Takopi Architecture
Source analysis of takopi. Telegram bot dispatching coding agents to repos via Python plugin overlay.
Key Insights
- Plugin overlay pattern: 222 custom lines via Python entry points extend upstream banteg/takopi (~20K installed) without forking - maintains compatibility while adding behavior
- Auto-discovery: Shell script scans filesystem and generates TOML dynamically - zero-config project addition via convention
- Graceful restart via exit(0): /reload exits cleanly, supervisor restarts, entrypoint re-scans - no complex state serialization
- Minimal code surface: Delegates complexity to upstream, only adds routing layer - minimizes maintenance burden
- Container-to-host bridge: /refresh uses dbus to trigger systemd from inside container - bridges bot with host infrastructure
What's Shocking
- 222 lines of custom code on top of 20K upstream: This entire deployment is 4 Python plugins and a 27-line shell script. Everything else -- LLM integration, transport, routing -- is
pip install takopi. You own almost nothing, and that's the point.

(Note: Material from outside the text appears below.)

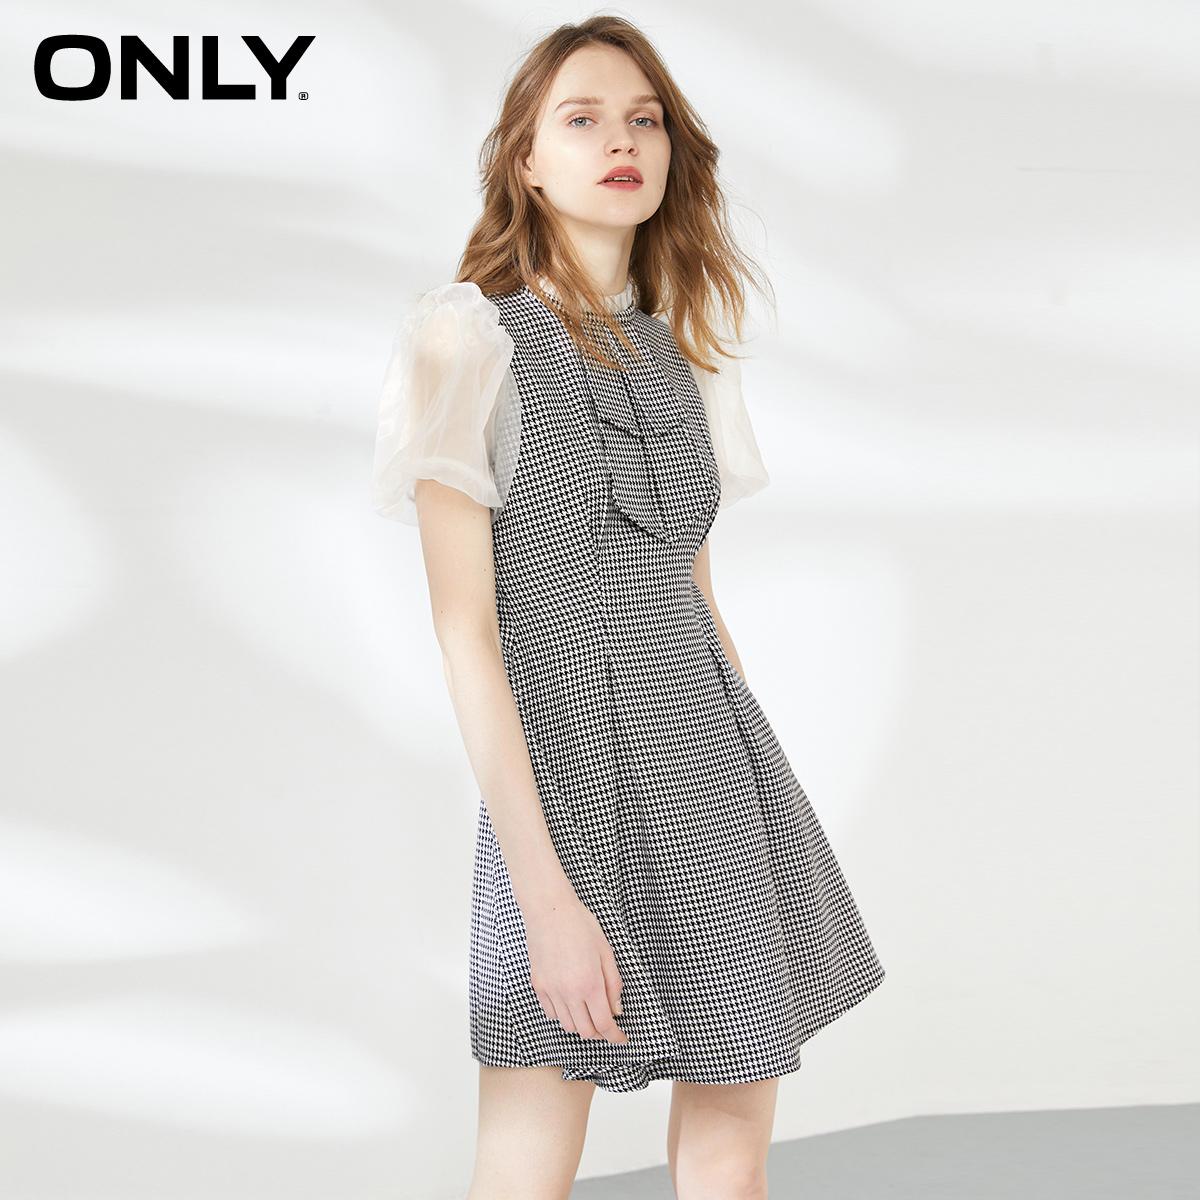 ONLY2020夏季新款气质蕾丝拼接泡泡袖收腰赫本连衣裙女|120107680
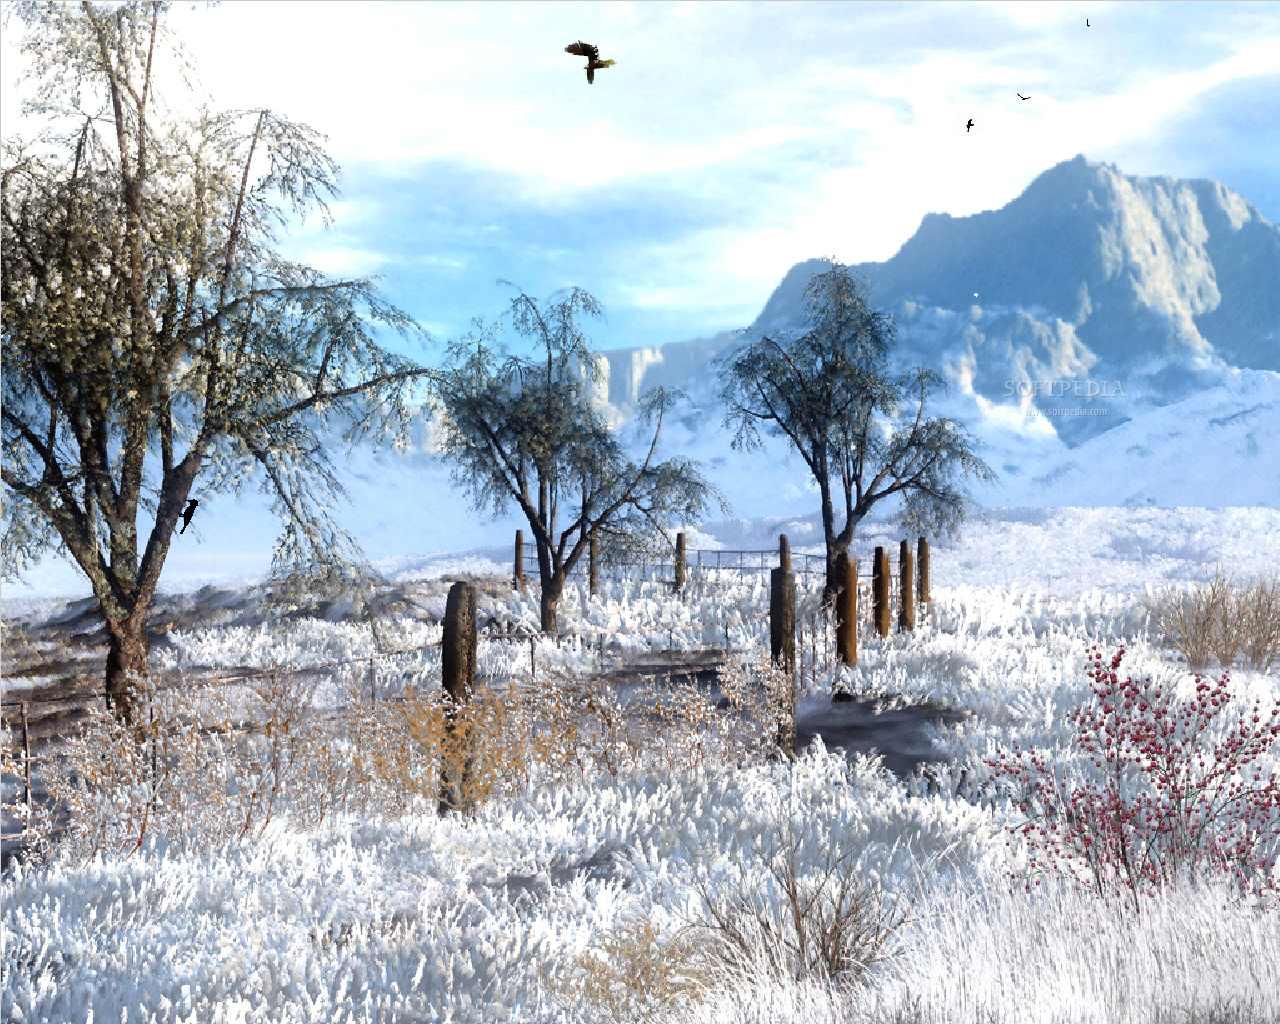 animated winter screen savers 1280x1024

- The plugin overlay pattern: Python entry points (
pluggy) extend upstream without forking it. Upstream updates apply cleanly. No fork maintenance, no merge conflicts, no divergence.
- Auto-discovery at startup: The entrypoint script scans a filesystem directory and generates TOML config dynamically. Adding a project = creating a directory. Zero-config project addition via pure convention.
- Graceful restart via exit(0):
/reload calls sys.exit(0). The container supervisor restarts, the entrypoint re-scans projects, and takopi starts fresh. No state serialization, no persistence layer, no complexity.
- Container-to-host bridge via dbus:
/refresh uses dbus to tell the host's systemd to restart a service -- from inside a container. Bridges the bot with host infrastructure without exposing the host.